I still have no solution for the DPDK failure I am seeing in daos_server startup, but I have more background information on the problem. The underlying problem is that DPDK cannot convert virtual addresses to physical addresses.
Step 1: Early in startup, rte_pci_get_iommu_class() is called from rte_eal_init(), it sets iova_mode to RTE_IOVA_PA (DMA using physical addresses).
Step 2: rte_eal_hugepage_init() gets called, which eventually calls test_phys_addrs_available().
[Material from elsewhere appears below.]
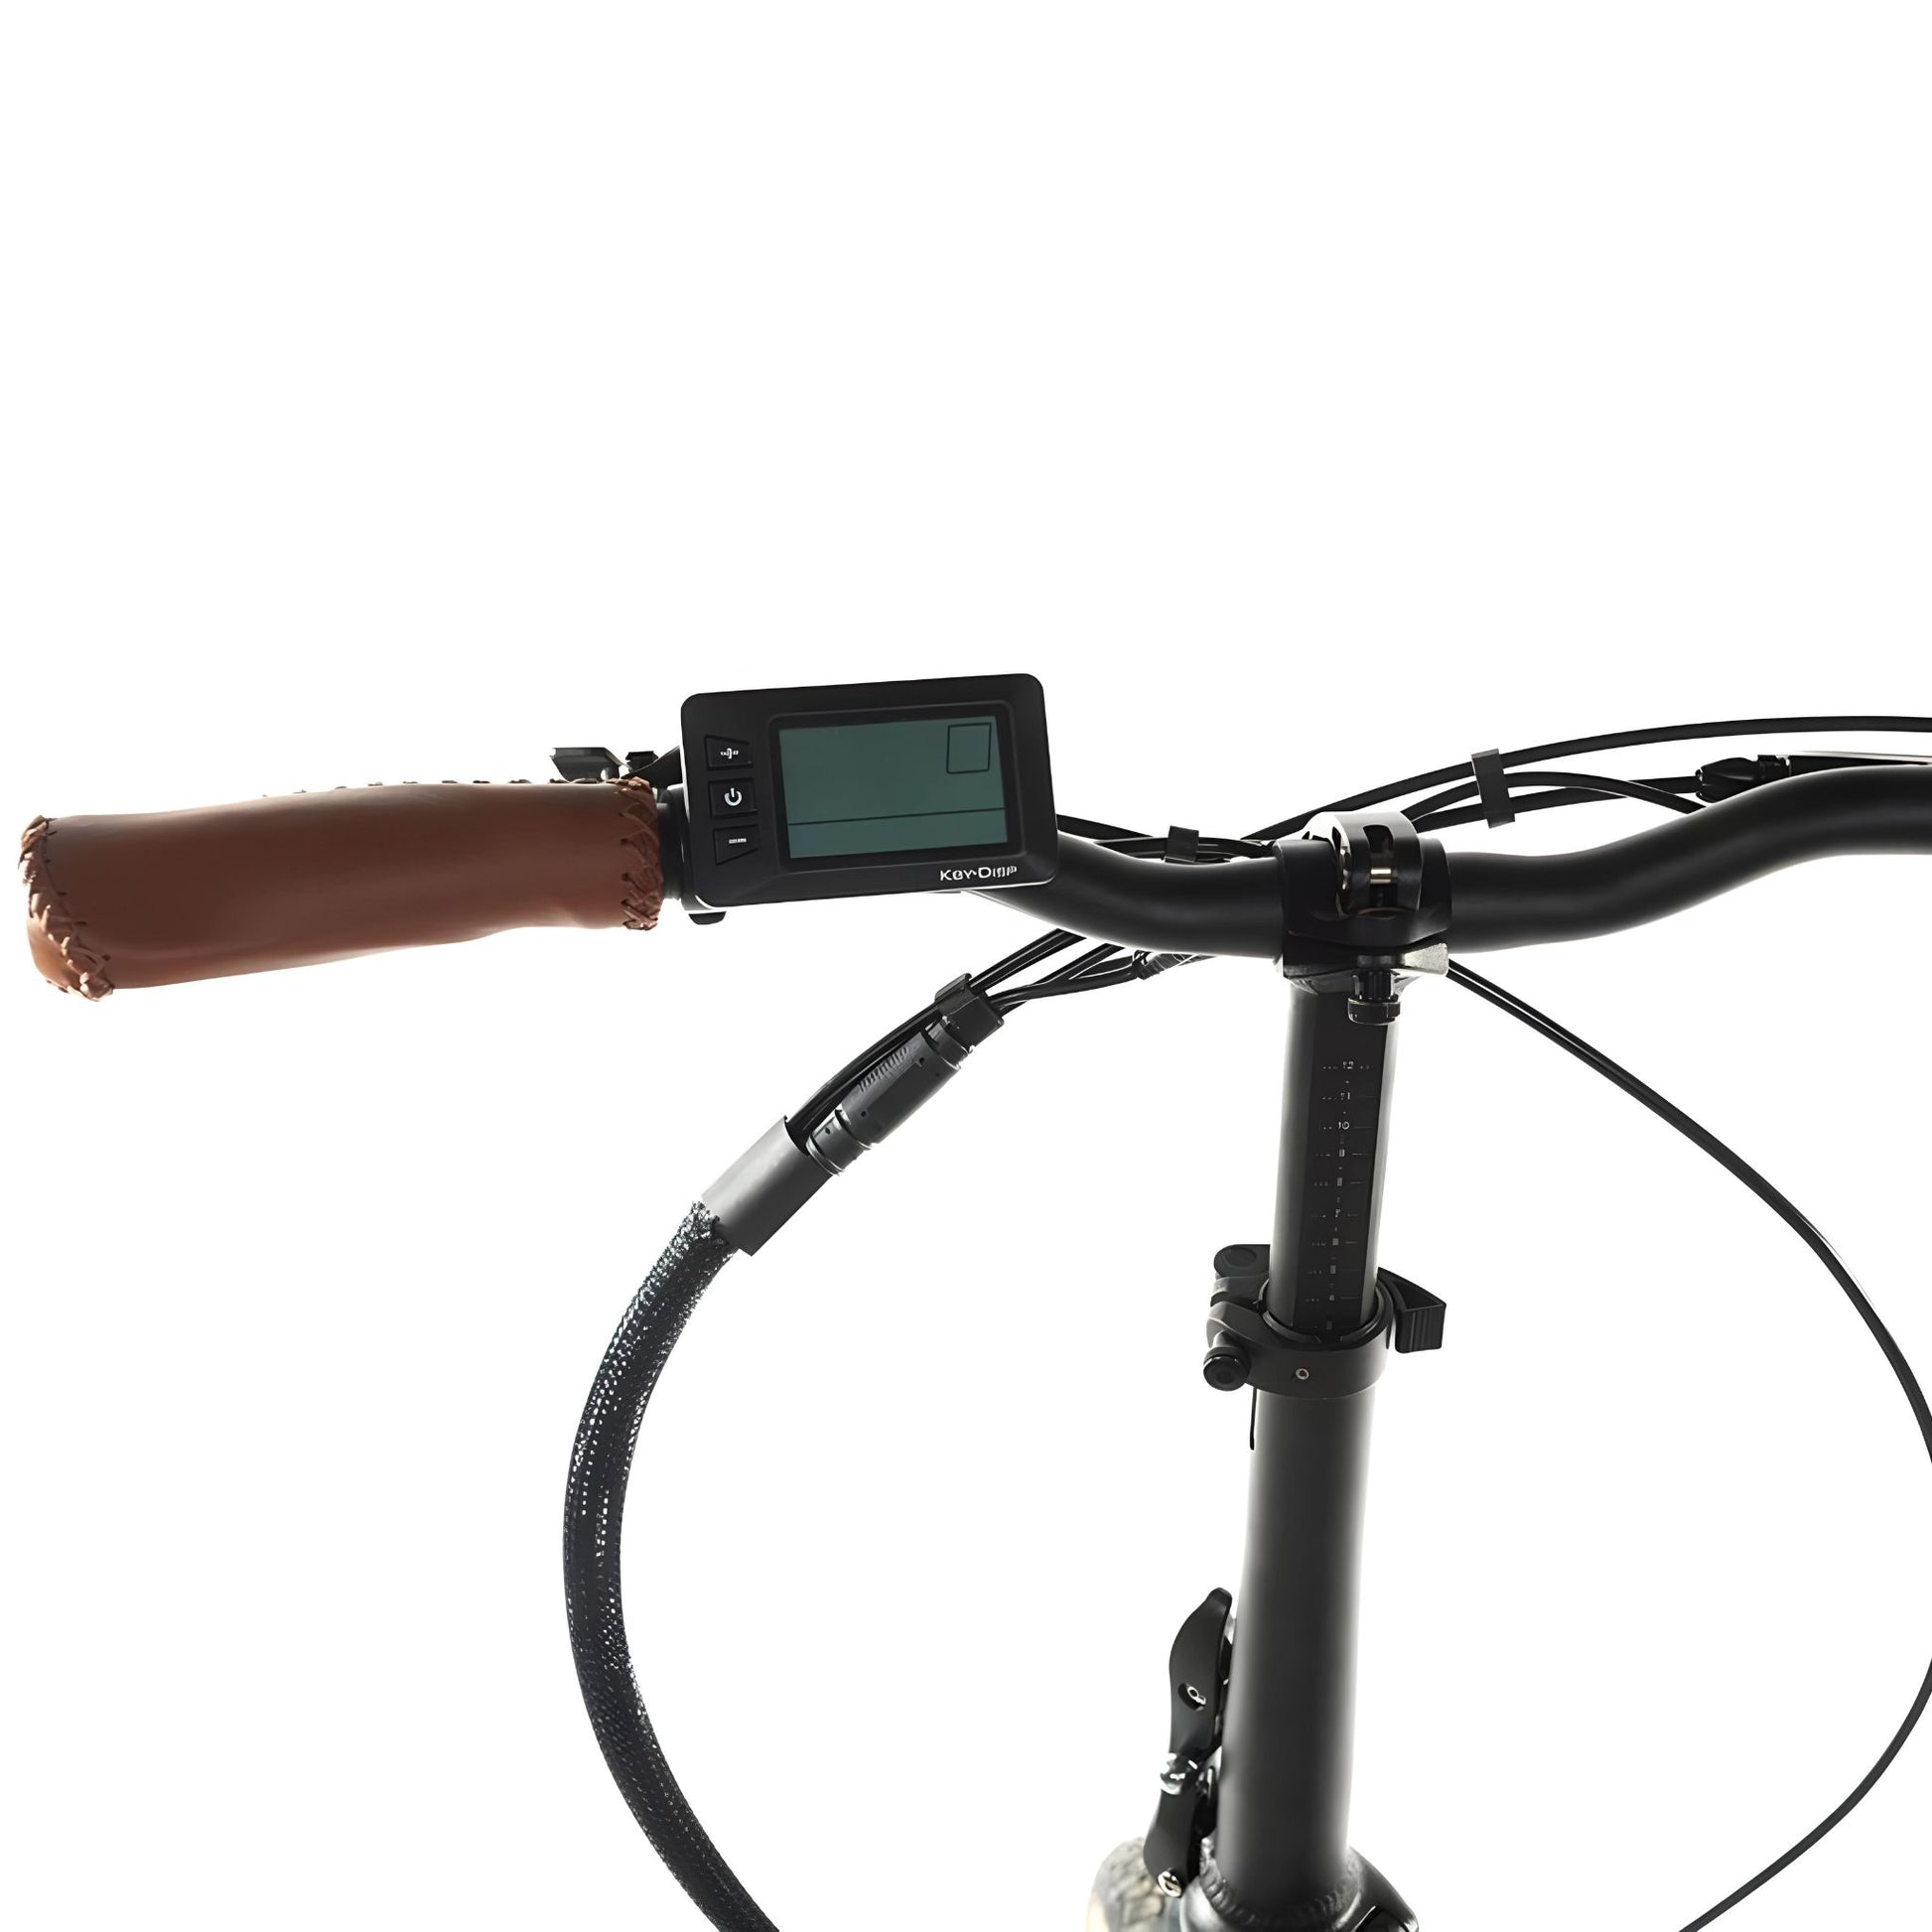 Handlebar display of Geobike Carat 2.0 E-Bike.
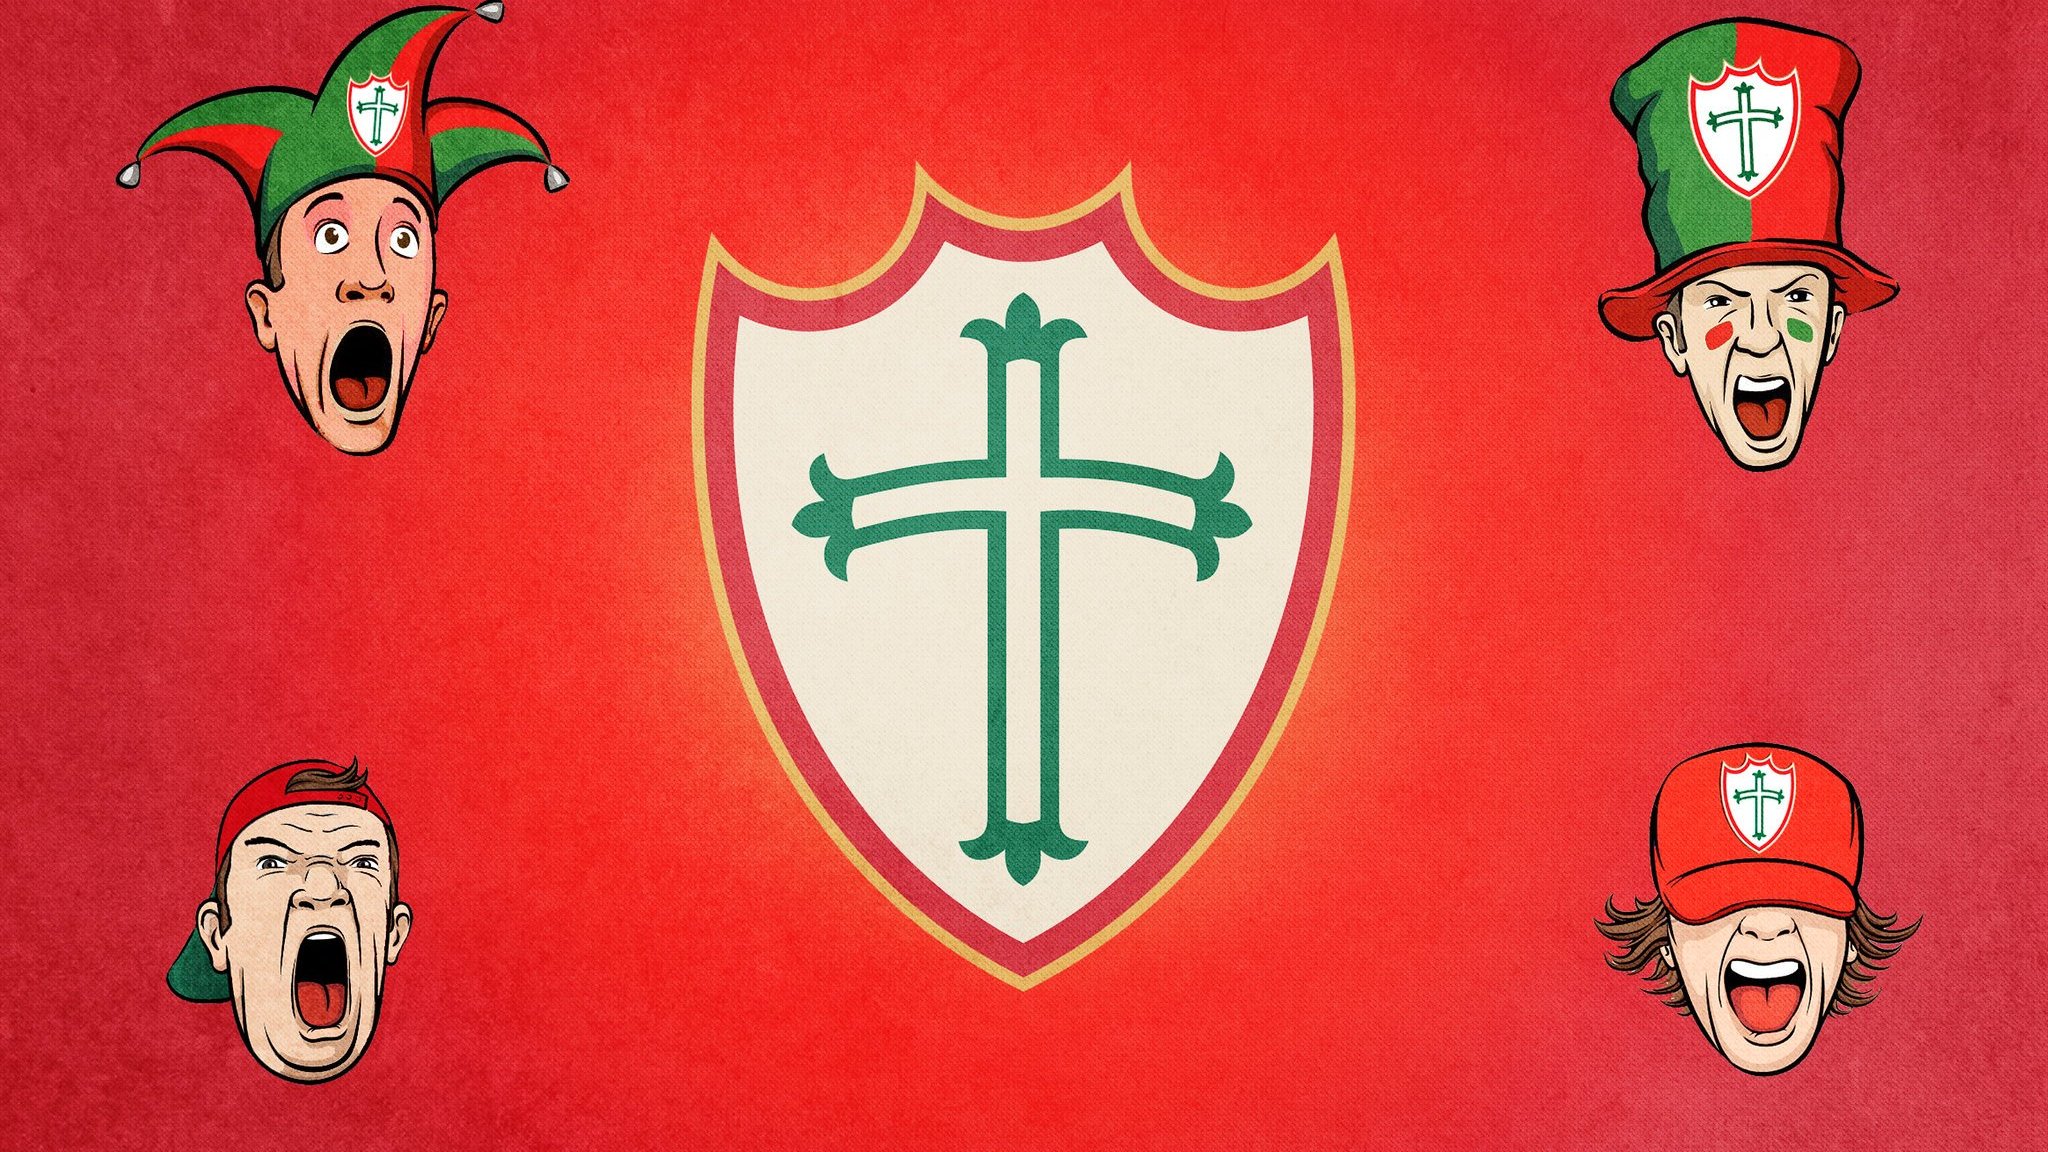 Montagem gráfica de símbolo da Portuguesa cercado por rostos de torcedores.

That routine sets phys_addrs_available = false, and reports:
delphi-004.us.cray.com INFO 2020/03/14 08:37:09 daos_io_server:1 EAL: Cannot obtain physical addresses: Permission denied. Only vfio will function.
The “Permission denied” is a stale errno value, the actual test in the code that fails is inside routine rte_mem_virt2phy():
/* * the pfn (page frame number) are bits 0-54 (see * pagemap.txt in linux Documentation) */ if ((page & 0x7fffffffffffffULL) == 0) { return RTE_BAD_IOVA; }
The bottom 55 bits of the word that was read are all zeros. The actual value of the word is 0x8180000000000000.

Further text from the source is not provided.